* **WORK TO COMPLETE**: As an exercise, transcribe the data below in full and exactly, omitting pictures.

* **DATA**:
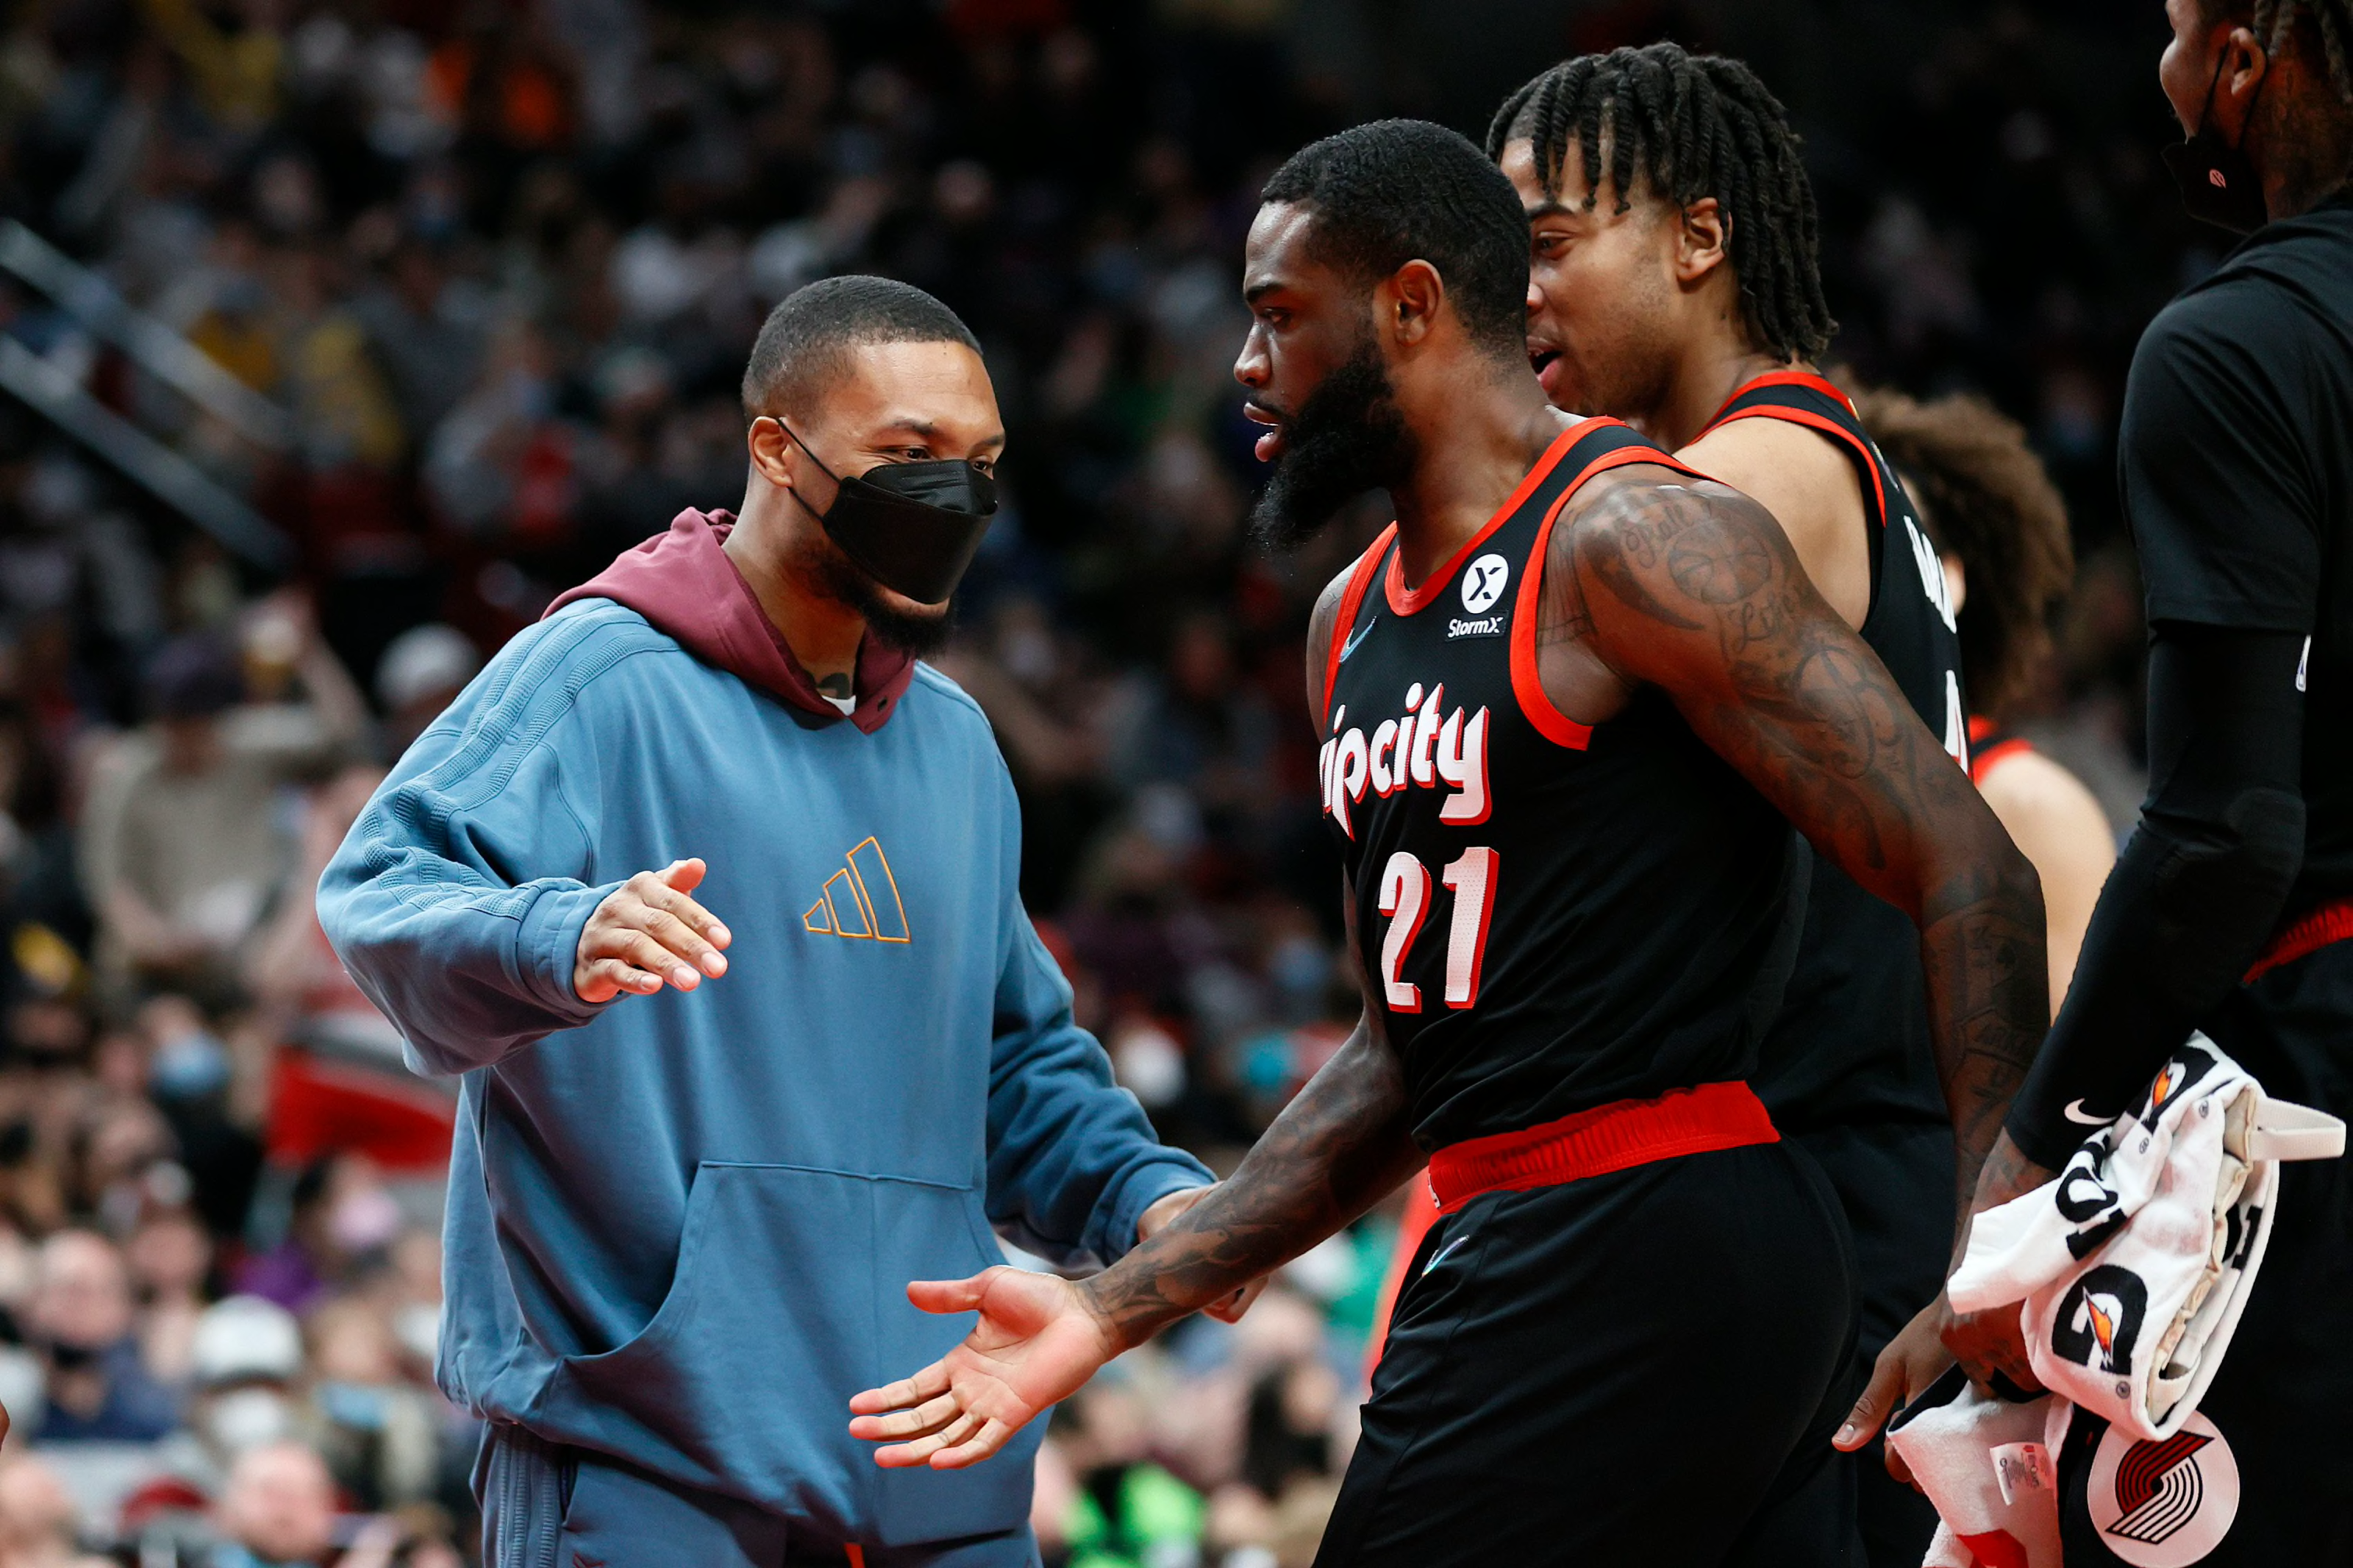 The Portland Trail Blazers have the worst future in the NBA
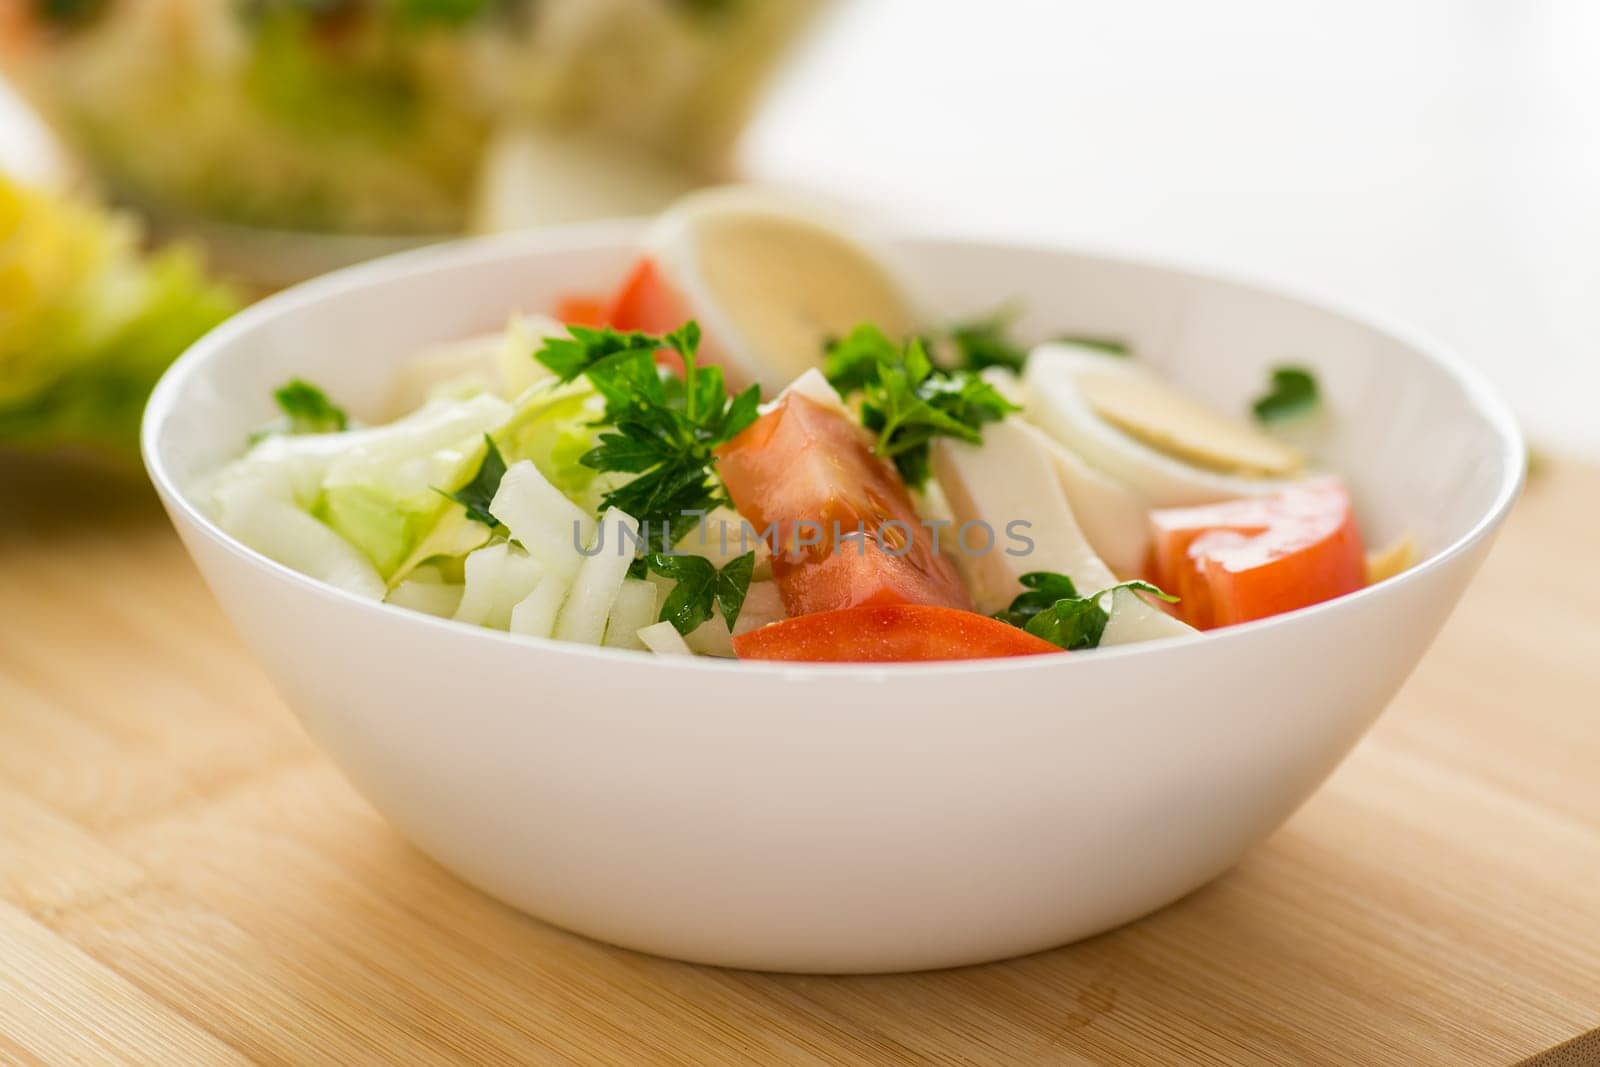 fresh vegetable salad, cabbage, tomatoes in a bowl on a wooden table .
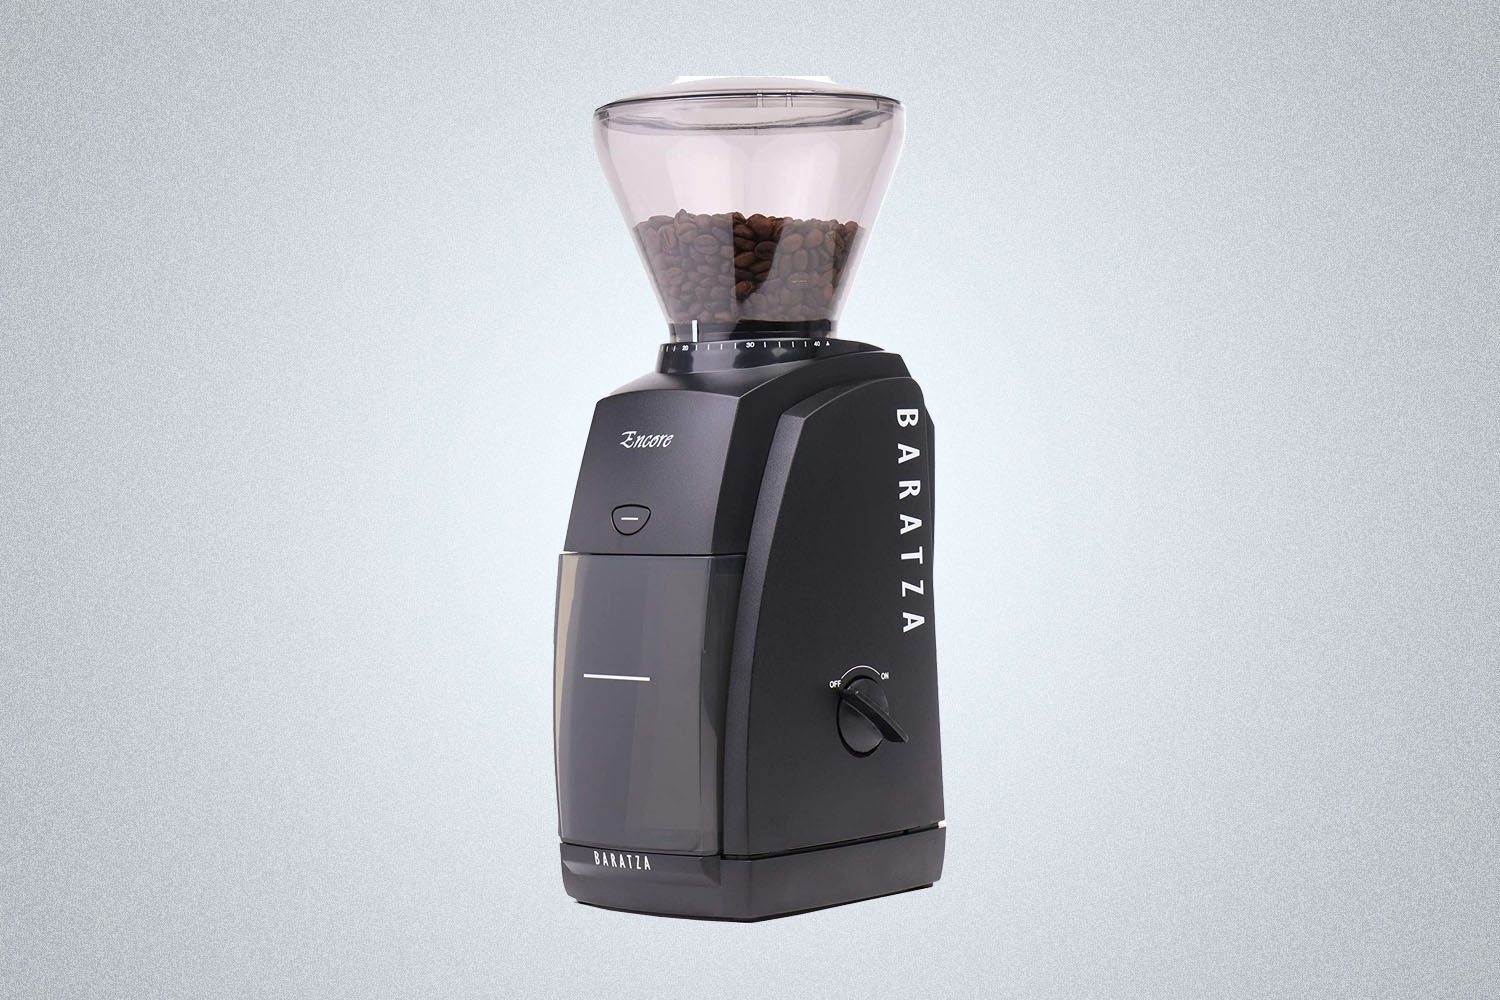 9 Best coffee accessories for brewing at home » Gadget Flow

* **RESPONSE FOR THIS EXERCISE**:
 The Portland Trail Blazers have the worst future in the NBA
 fresh vegetable salad, cabbage, tomatoes in a bowl on a wooden table .
 9 Best coffee accessories for brewing at home » Gadget Flow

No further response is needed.